Search code examples
openclopencl-c

OpenCL kernel function yields different results when running on different devices (CPU vs GPU)


I'm trying to make a sense out of a strange behavior happening in my OpenCL kernel function. I'm basically trying to convert a string that contains hexadecimals, into a string that contains its decimal representation but, for reasons I cannot fathom, running the same kernel using GPU and CPU yield different results.

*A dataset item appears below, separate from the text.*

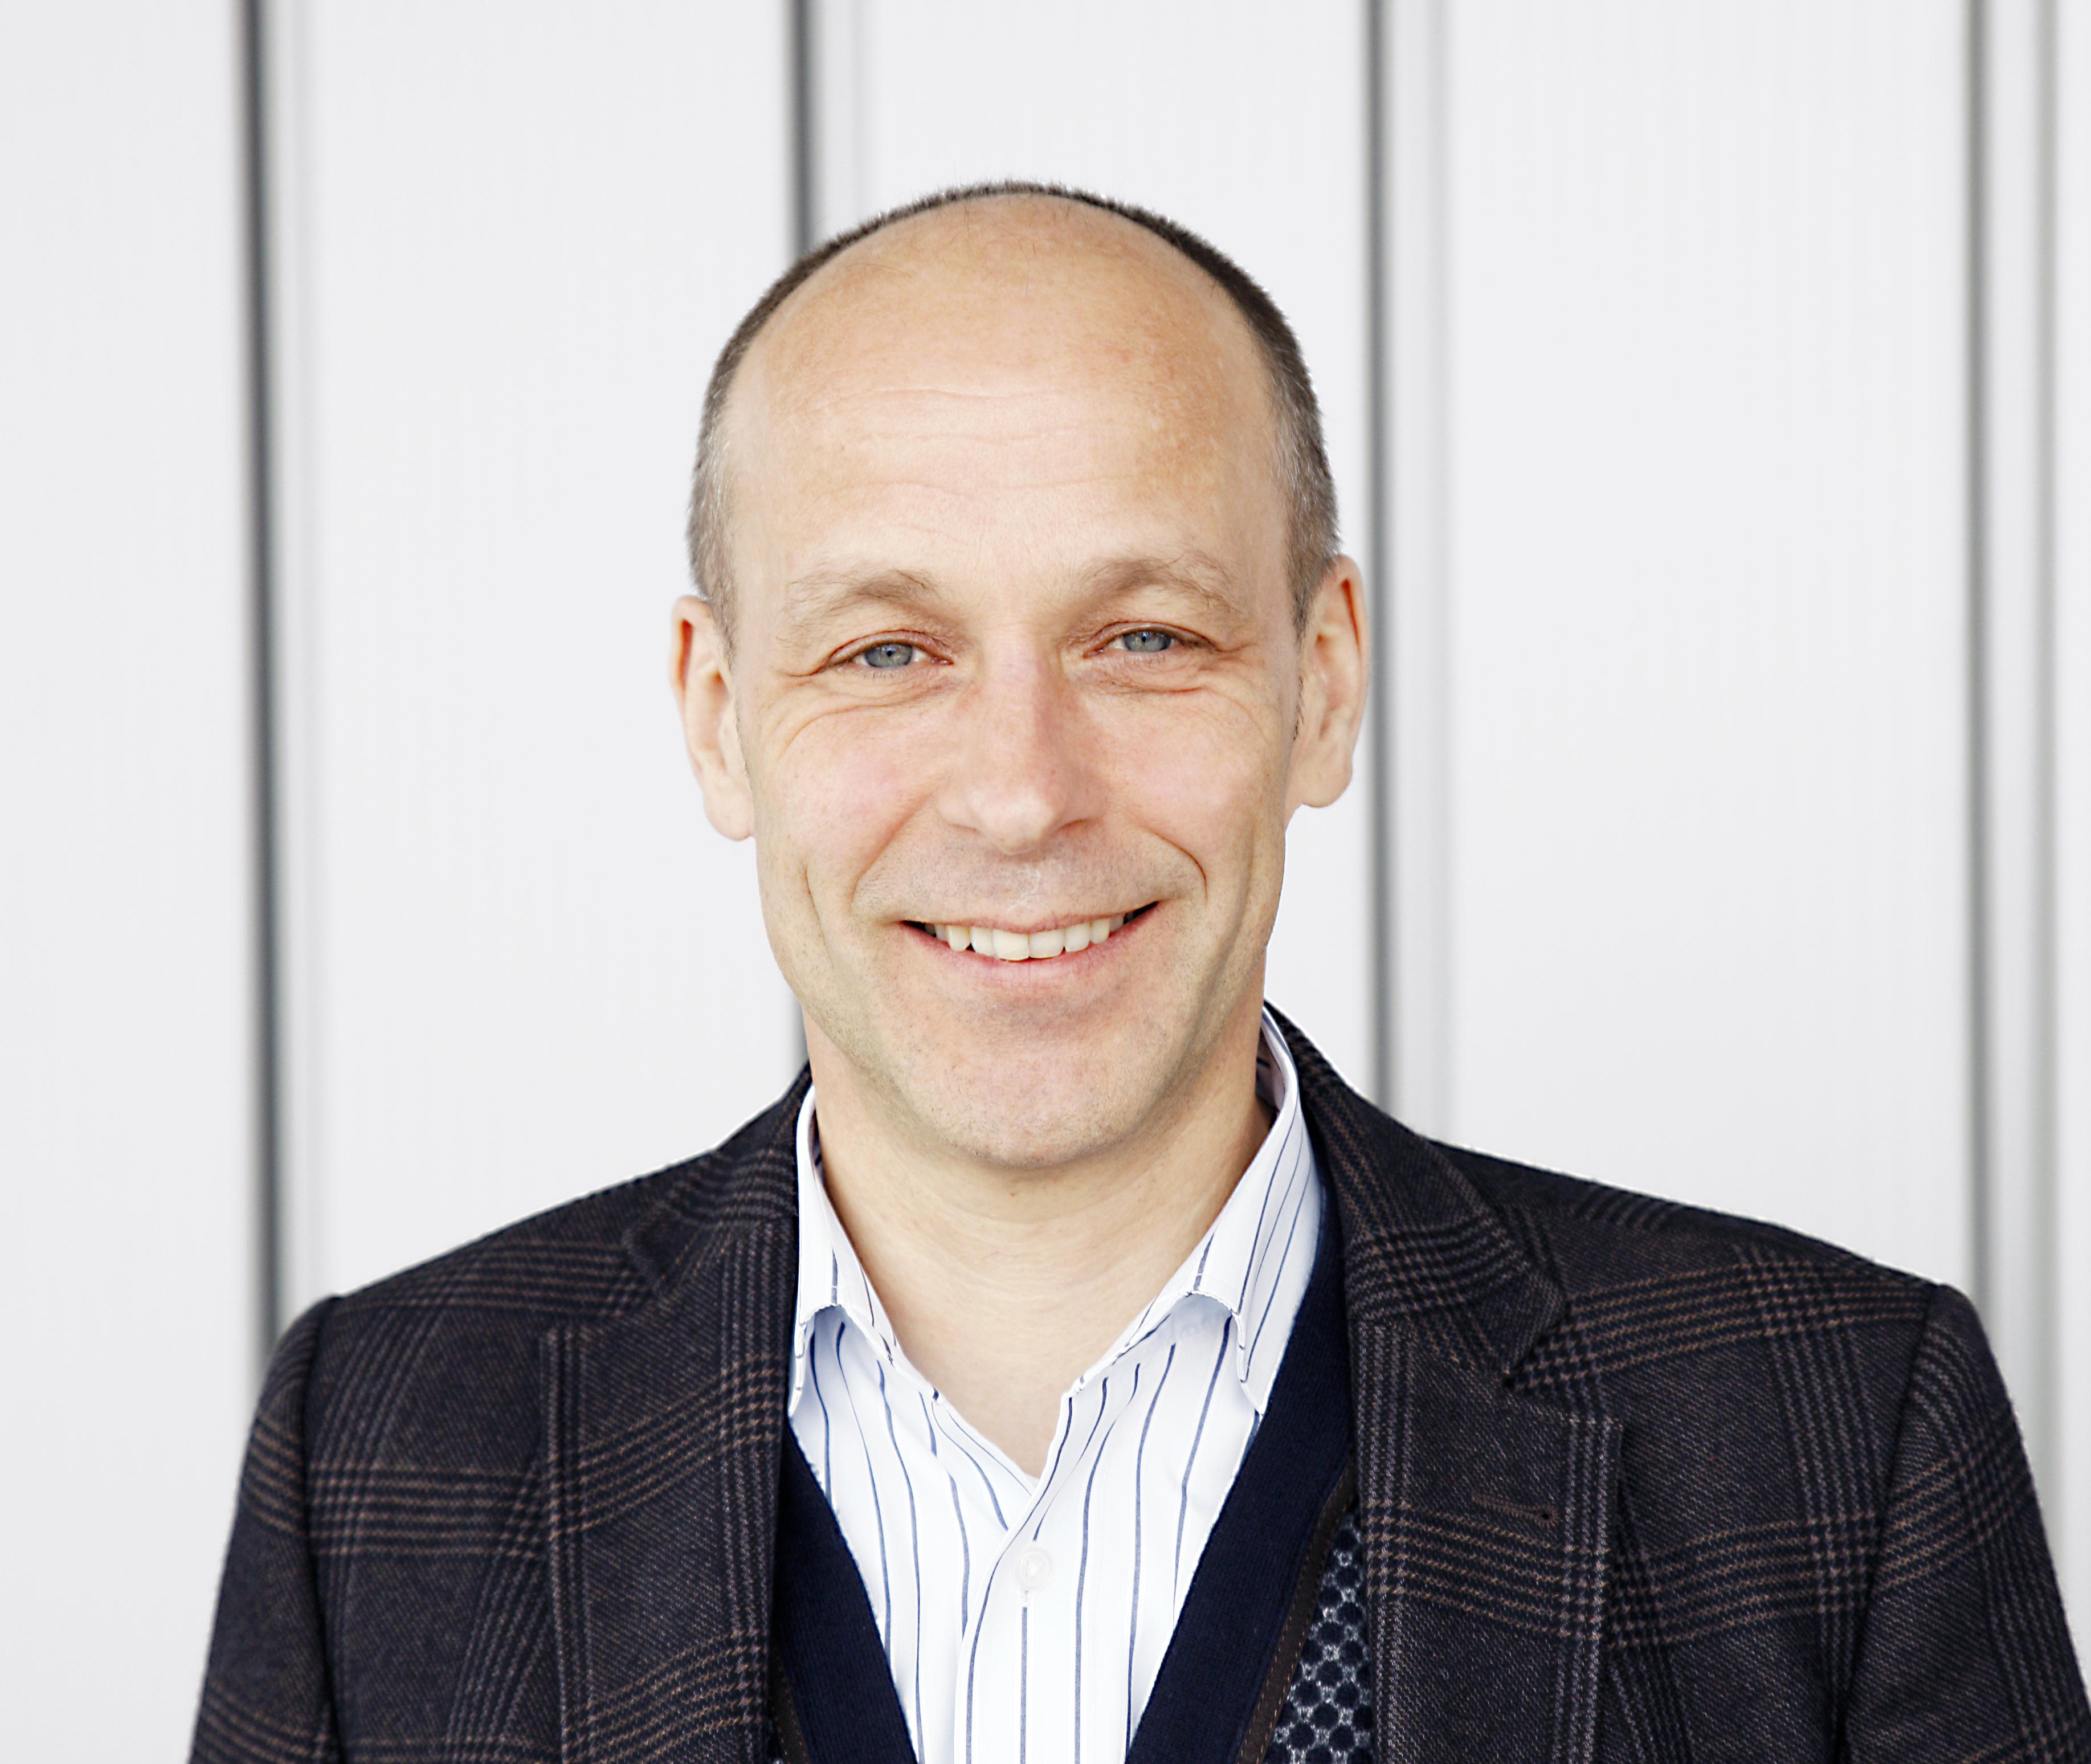 Christian Kuntze

The kernel looks like the following:

 // yes, there's no result defined for the moment
__kernel void testKernel(__global uint message_length, __global char *message) {

  size_t converted_message_length = message_length / 2;
  char converted_message[converted_message_length];

  // (1) hex to decimal conversion 
  for (size_t idx = 0, j = 0; idx < converted_message_length; idx++, j++) {
    converted_message[idx] = (message[j] & '@' ? message[j] + 9 : message[j]) << 4;
    j++;
    converted_message[idx] |= (message[j] & '@' ? message[j] + 9 : message[j]) & 0xF;
    printf("converted '%c%c' into '%i'\n", message[j - 1], message[j], converted_message[idx]);
  }

  // (2) this should be redundant, since I already print the content...
  // but actually behaves differently with different device (CPU/GPU)
  for (size_t idx = 0, j = 0; idx < converted_message_length; idx++, j++) {
    printf("converted_message[%i]: '%i'\n", idx, converted_message[idx]);
  }

Now, if I pass as arguments of testKernel function the lenght 4, and input string containing hexadecimal value 3e2b, I would expect them to be converted into decimals 62 and 43 (see this table for hex -> decimal conversion).

And, If I run the kernel using my CPU (Intel(R) Core(TM) i9-9880H), indeed I can see the following conversion happening:

converted '3e' into '62'
converted '2b' into '43'
converted_message[0]: '62'
converted_message[1]: '43'

However, if I run this very same kernel using my GPU (AMD Radeon Pro 5500M), I see the following results:

converted '3e' into '62'
converted '2b' into '43'
converted_message[0]: '0'  <-- why it is 0 ???
converted_message[1]: '0'  <-- why it is 0 ???

It seems like converted_message is successfully written inside loop (1), but then its values get lost when I enter inside (2) loop. How's that even possible? Is it the OpenCL performing some weird optimization under the hood, that manifest itself only when running in the GPU ?


Solution

  • char converted_message[converted_message_length];
    

    This is a variable length array which is not supported in standard OpenCL. It might work on some OpenCL implementations as an extension, but is not portable.

    Specify a fixed size for the array or allocate a buffer on the host.